Распрощавшись с профессором, Дима поторопился на встречу с возлюбленной. Тяжелый портфель не помешал молодому человеку пройтись по Нескучному саду, полюбоваться на Москву-реку и выпить с любимой Ольгой вкуснейший кофе в одной из кафешек на Ленинском проспекте. На следующее утро Дима вытащил объемную пачку из портфеля. Вопреки тому, что рассказывал профессор, ничего разбирать было не нужно. Убористым почерком некто Белов вел повествование о своих исследованиях. Между письмами аспирант обнаружил несколько тетрадок, в которых излагались результаты исследований, а также дневники Белова. Чем больше Дима погружался в чтение, тем меньше он верил своим глазам. Складывалась фантастическая картина…

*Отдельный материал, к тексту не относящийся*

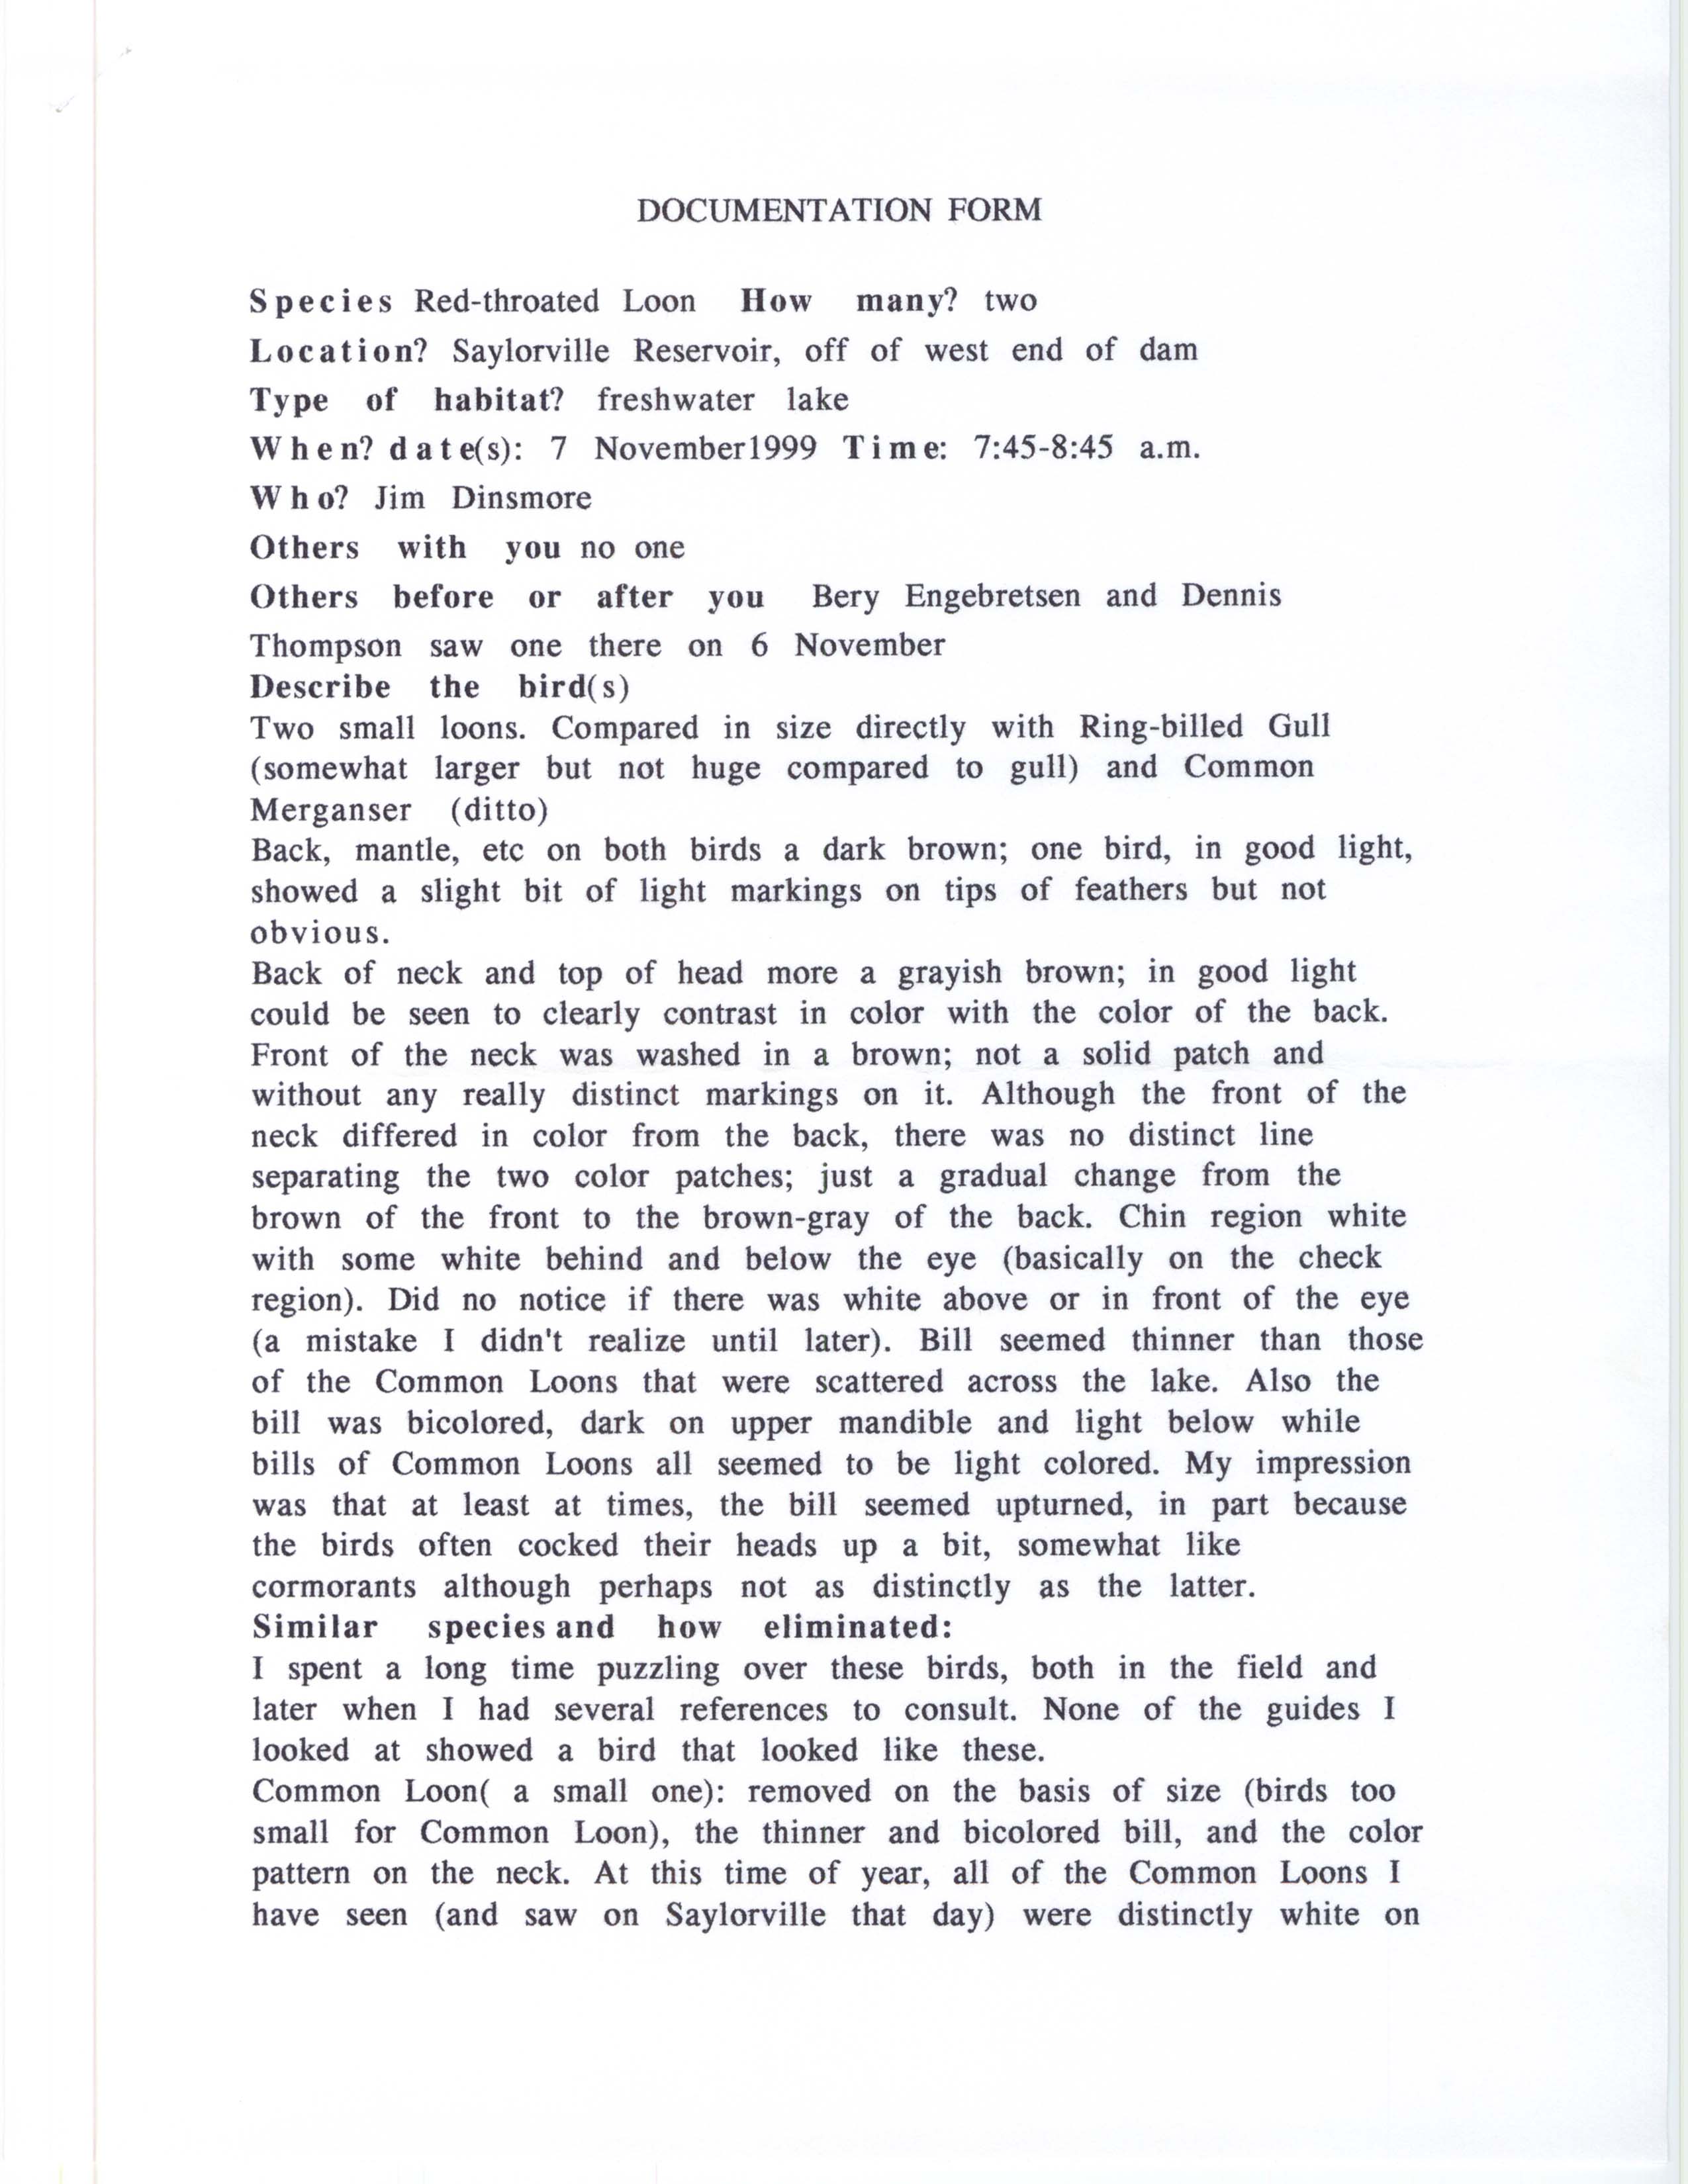 Rare bird documentation form for Red-throated Loon at Saylorville Reservoir, 1999

Дима не заметил, как прошел день. Вдруг его занятие прервал телефонный звонок. Мама потребовала срочно приехать на дачу, там нужна была помощь со сбором яблок, да и ребята, которые учились с ним вместе, хотели завтра днем к нему на шашлыки. Дима заторопился, машинально сгреб все письма и тетради, связал бечевкой, уложил в рюкзак со всеми вещами, да так и уехал на выходные.

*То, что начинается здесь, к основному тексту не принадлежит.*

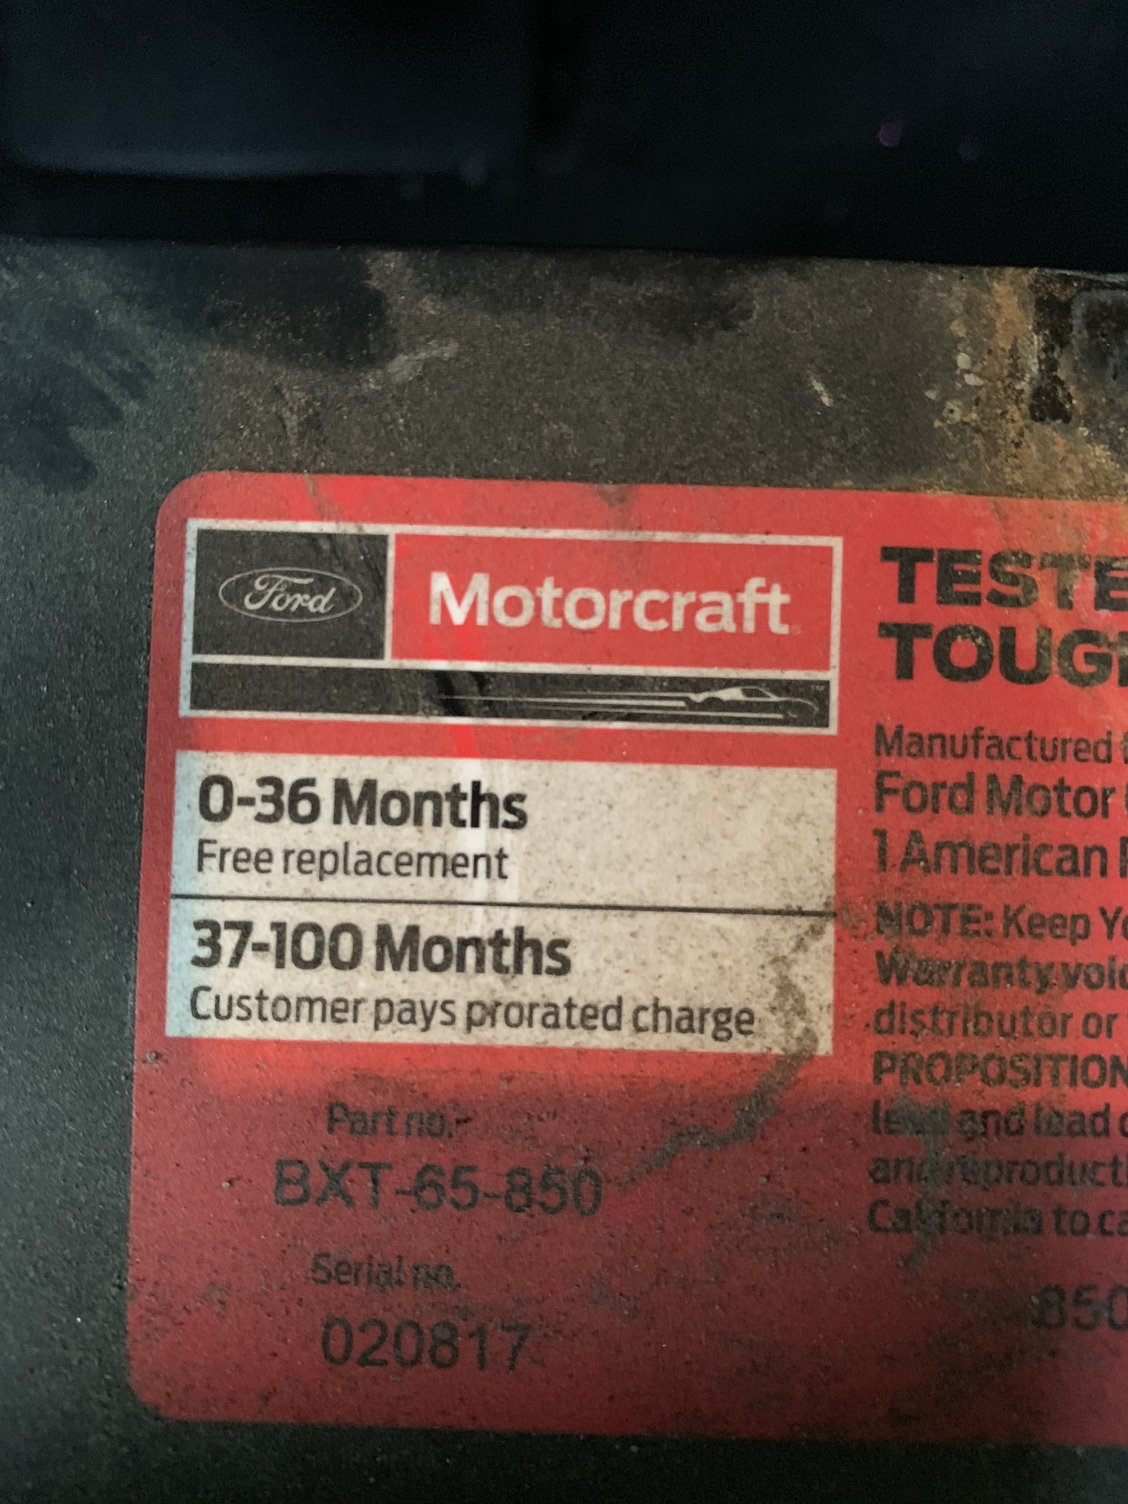 motorcraft-battery-prorated-warranty-chart-reviews-of-chart

На даче он и думать забыл об этих тетрадках. В гости к Диме приехала Оленька, они гуляли по осеннему саду, разговаривали, собирали яблоки. Прекрасное бабье лето, общество возлюбленной, золотая листва и запах антоновских яблок, разложенных на газетных листах по всему дому на просушку, сделали свое дело. Чуть позже прибыли друзья на шашлык, и между ними завязался разговор, который начала одна из молодых журналисток:

– Вот хочу сосредоточиться на статье по заказу одной местной газеты, но не могу заставить себя написать ни строчки. Видимо, мой мозг работает так примитивно, а действительность часто противоречит моим естественным желаниям. У вас возникает тревожность перед написанием статей? Не говоря уже об этических задачах, непостижимых для моего ума.

Самая эмоциональная, Люба, сразу ответила:

– Секрет в первом предложении: «хочу сосредоточиться» – а надо хотеть писать… Мне кажется, что заставлять себя нельзя, надо аргументировано убеждать. И еще странно – разве в нашем возрасте присутствует тревожность? Все, что создал человек – не во благо, а во вред себе же, и чем дальше идем, тем больше противоречий, и я ценю мудрые и глубокие мысли.

– Я практически уверен, что наши инстинкты имеют мало общего с инстинктами далеких предков. В том смысле, что убивать для получения пищи мы уже не готовы даже в крайнем случае, а тревожность – опять же, не для удовлетворенного охотника на мамонтов – она от желания стать лучше, реализоваться в социуме, не стать проходной пустопорожней фигуркой на карте истории. Хотя есть у меня подозрение, что история любого человека пишется высшими силами индивидуально под него. Не знаю, может быть, глубоко копать я не люблю, там все становится слишком холодным, а я люблю тепло, – добавил рыжий Евгений.

– Хочу что-то сделать, но не могу заставить себя – и так постоянно. Другие формы периодически получаются, а книга – нет. Этические задачи могут быть непосильны для моего разума – может быть, вы это и имеете в виду, говоря об их непостижимости? Нет? Это правда, я не кокетничаю.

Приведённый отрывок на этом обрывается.